Mobbin is free and has thousands of real app screenshots sorted by pattern.
This is the single most effective shortcut to making something feel professional. It's not cheating — it's what designers actually do.
Now, more prompts:
Make the CTA button more prominent — it should be the most obvious interactive element on the page.
The body text is too small. Use 18px with a line-height of 1.7.
Remove all decorative elements that aren't essential to understanding the content. Icons, illustrations, borders — if it's not doing a job, cut it.
Add a subtle hover state to all buttons and links so the page feels responsive.
The sections all look the same. Make one section stand out — try a tinted background or a different layout to create contrast.
Ship & fix
When you're ready to put it on the internet (or when something breaks).
Help me deploy this project to Vercel. Walk me through it step by step — I'm not a developer. Use simple language and tell me what each command does before I run it.
Something isn't working. Here's what I see: [describe what happened or paste the error]. Explain what went wrong in plain English and fix it. Don't introduce any new features — just get it back to working.
I don't like how [section, e.g. "the hero" or "the features grid"] turned out. Remove it completely and rebuild it from scratch. Keep it simpler this time.
How to talk to Cursor
A few things that make a huge difference.
Be specific, not vibes.
"Make it look better" gives you random changes. "Make the headline 48px bold and add 80px of space below it" gives you exactly what you asked for.
One thing at a time.
Don't say "fix the layout, colors, typography, and spacing." Fix one, review it, then fix the next. You'll stay in control and actually learn what each change does.

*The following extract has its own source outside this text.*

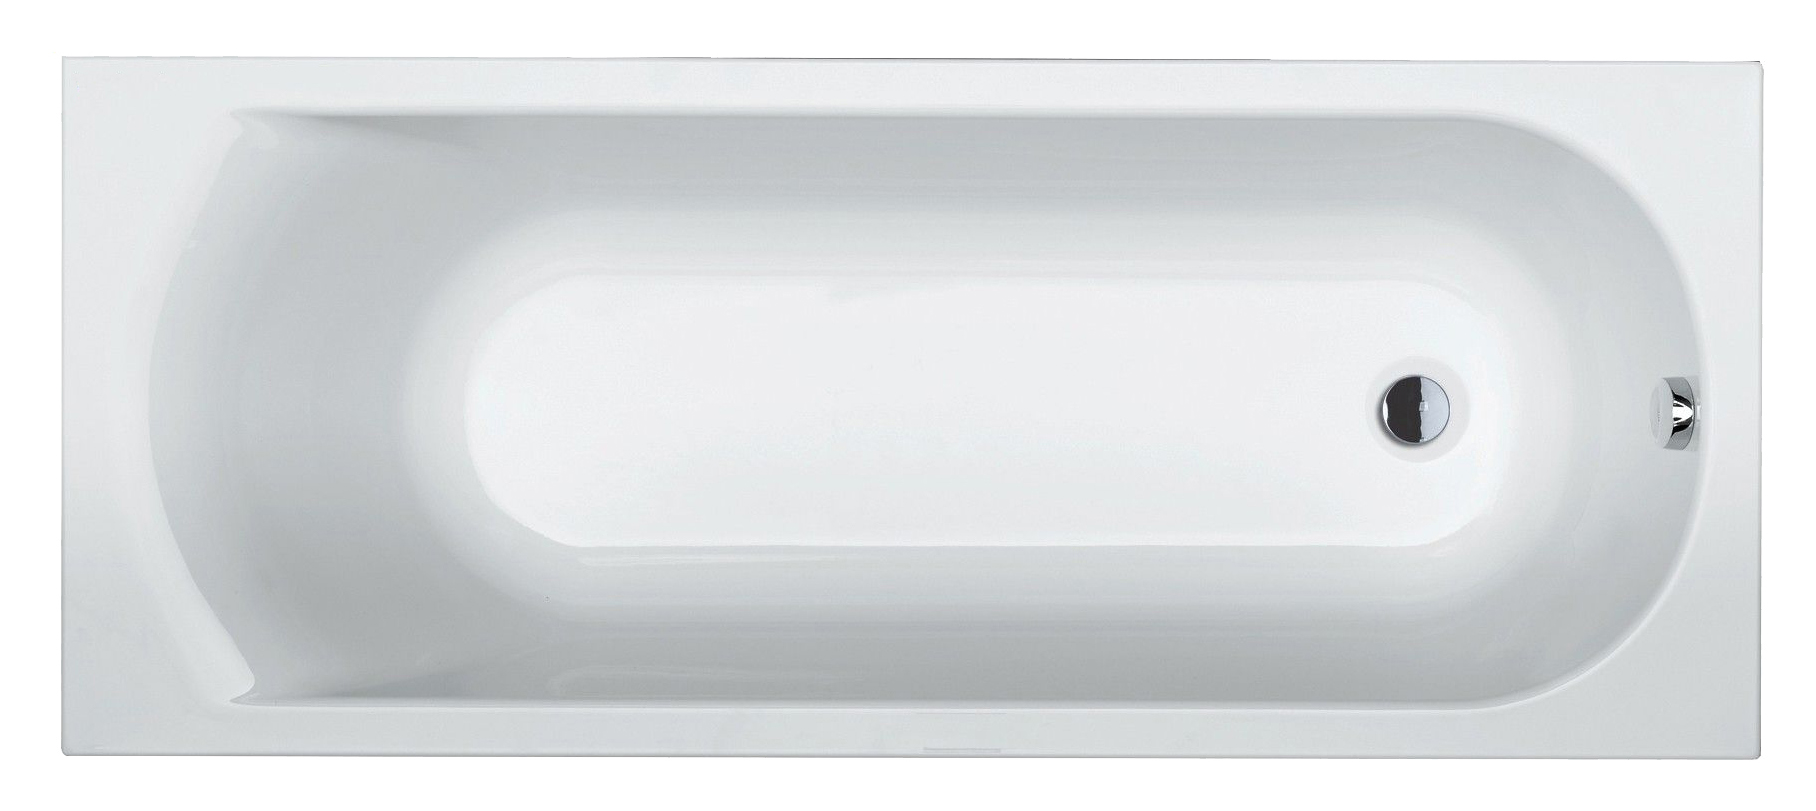 Акриловая ванна Riho Miami 180x80, цвет белый

Paste screenshots, don't describe them.
"Modern clean minimalist" means nothing — AI interprets that a hundred different ways. A screenshot means one specific thing. Drag it into Cursor.
Tell it what NOT to do.
AI will add things you didn't ask for. When you see something you don't want: "Remove the gradient," "No icons," "Stop adding new colors." Saying no is a design skill.
Describe the problem, not the solution.
Instead of "Add a hamburger menu," try "On mobile, there's no way to navigate between pages — what's the simplest fix?" You focus on the what. Let the AI figure out the how.